After happy hour, we walk to Danna's
for pizza, the six of us, Pam, Denis, Tom, Julie and us. We sit
out in the courtyard and enjoy the beautiful evening as we converse.
The catching up is relentless it seems, but we get it done and
eventually, tired and all talked out, we hire a taxi for the trip back
to Ferroaquilmar, out in the burbs, the industrial part of town.
December 11, 2008
Takin Care of Business
Rise and shine and off to work we go.
Aaron's back has been bothering him and he has been in a lot of pain.
The walk to Todomar takes him awhile, but he makes it. Jorge and crew
are hard at it by the time we arrive.
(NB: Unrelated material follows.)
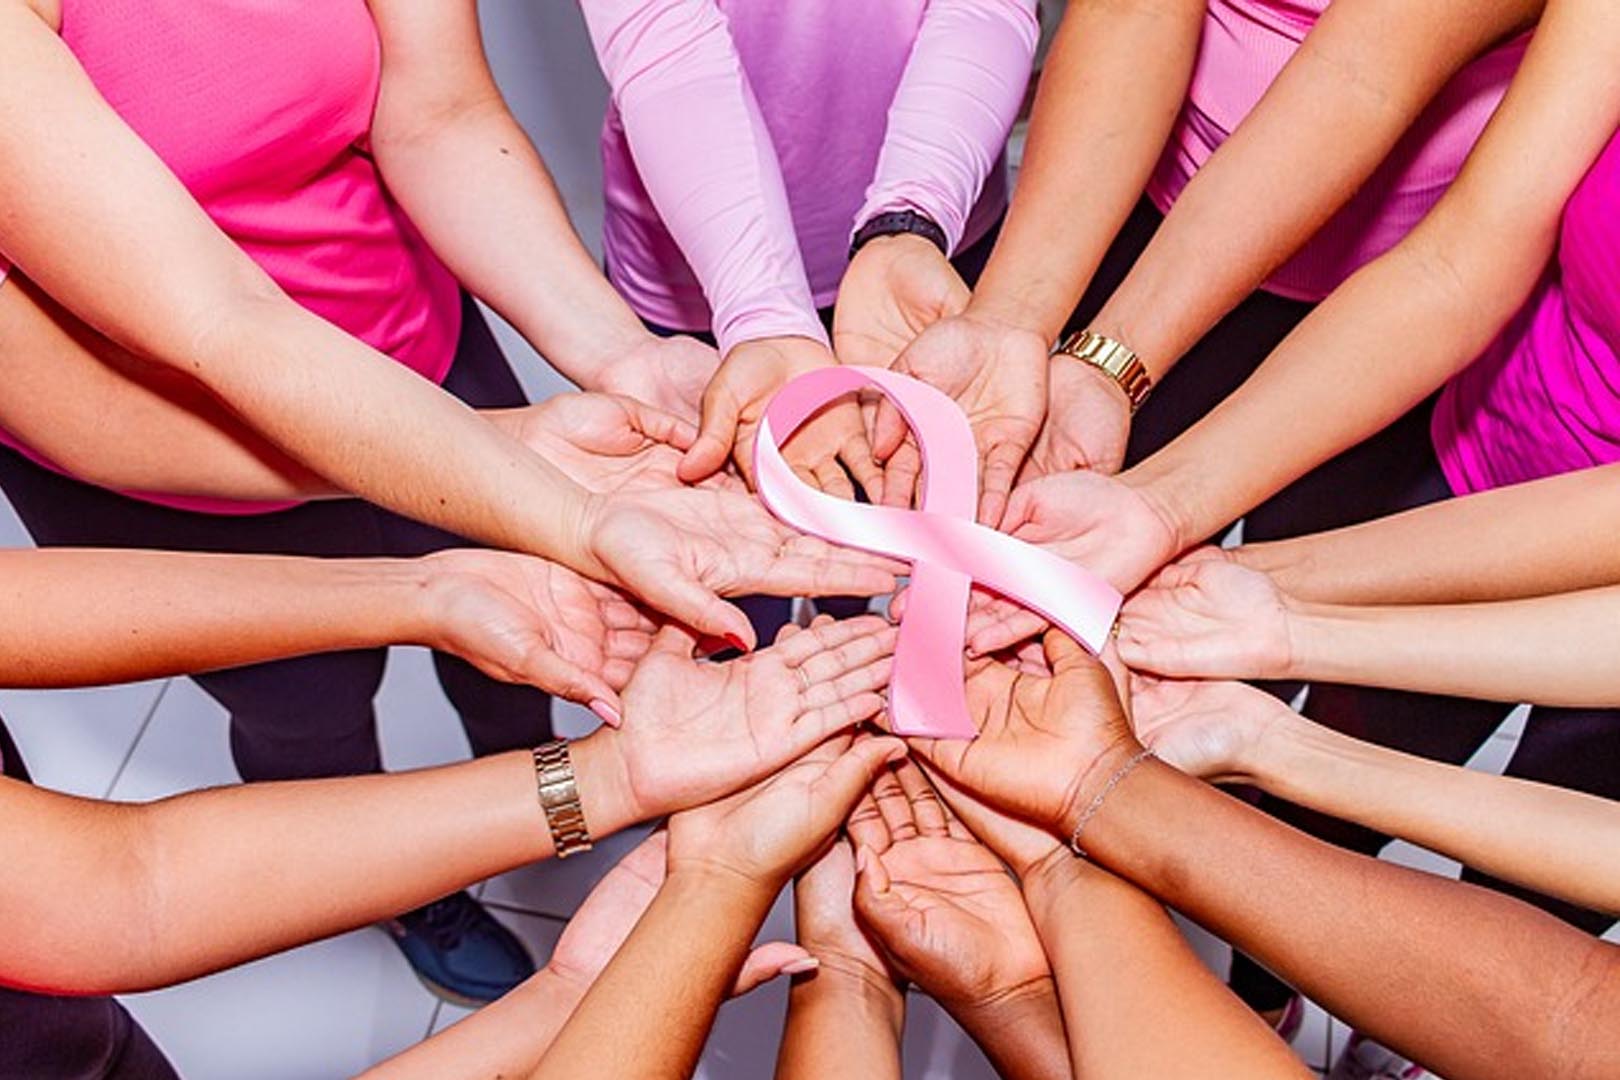 BPOM RI Keluarkan Izin Penggunaan Obat Kanker Payudara Abemaciclib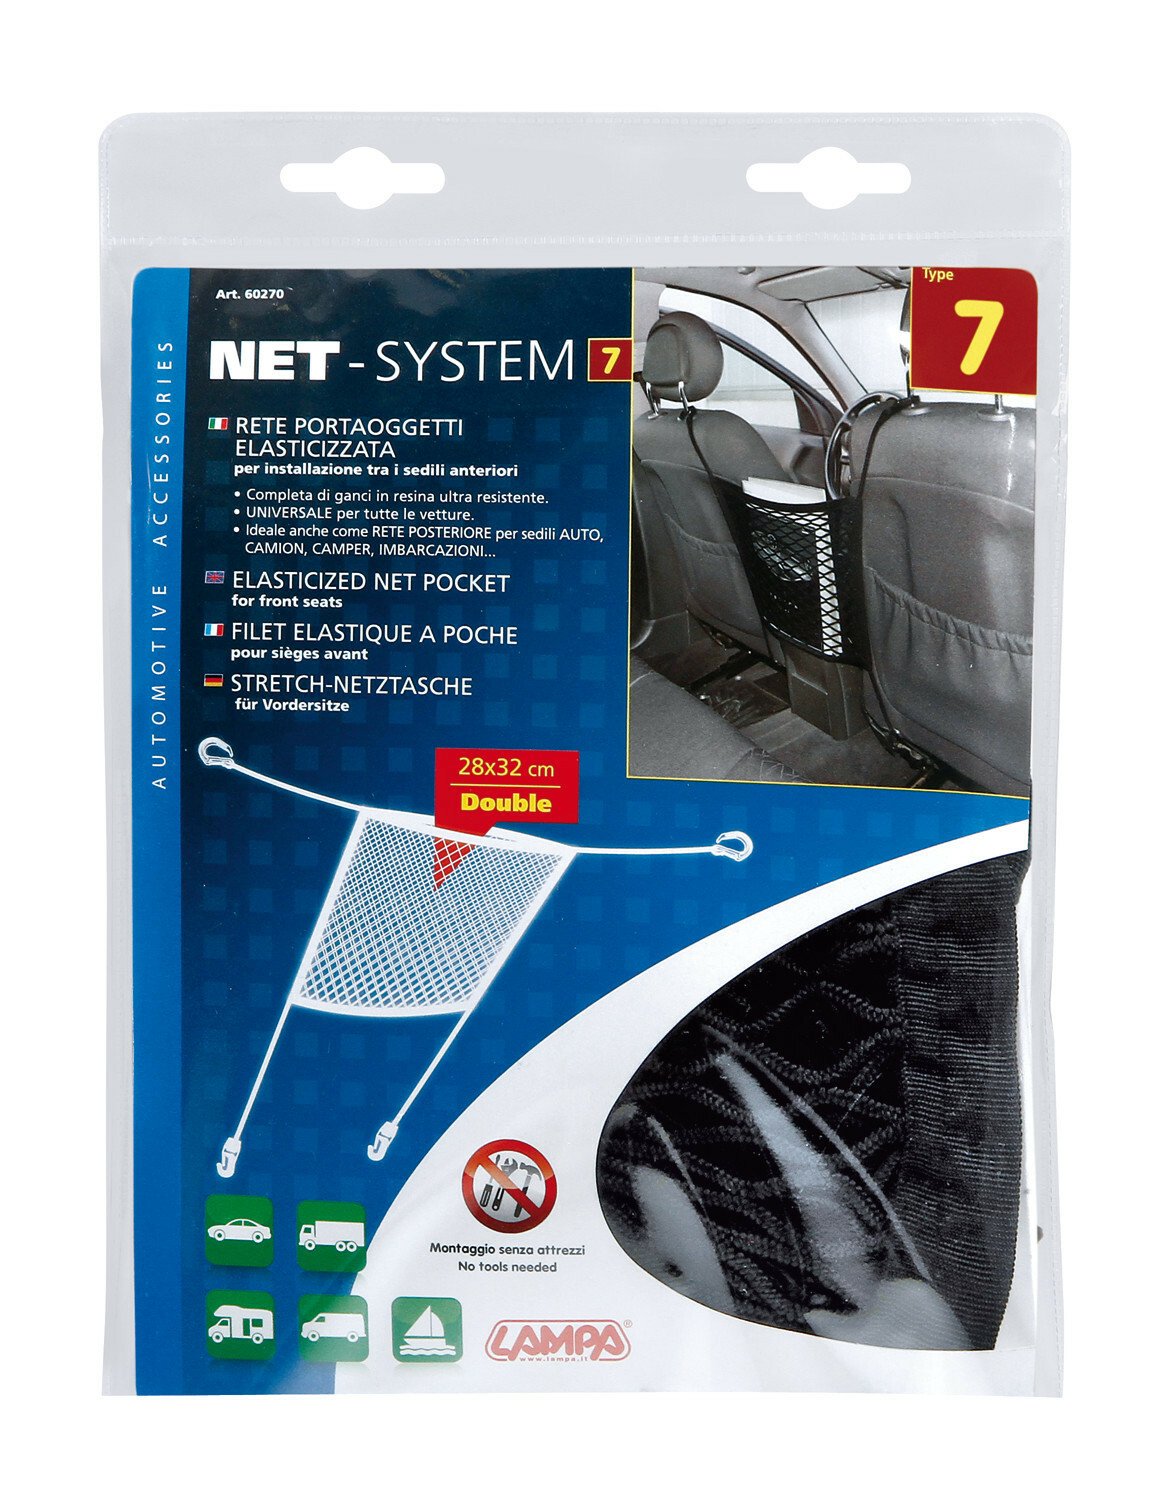 Net-System-7, elasticized net pocket - 28x32cm thumb

Daisy and a friend with a
truck arrive and haul our two anchors and all the chain, and any
hardware from inside the boat that we would like to be chrome plated.
I hop in the battered and worn truck in between Daisy and her friend and
off we go to her work place. It is located in Bosque, which means
forest but all the trees have since been cut down long ago and now
its a dirty, dusty industrial city. The truck can only go about 40
mph which is a good thing. The place of business is small and a
couple of young men carry the anchors and drag the chain to the scale.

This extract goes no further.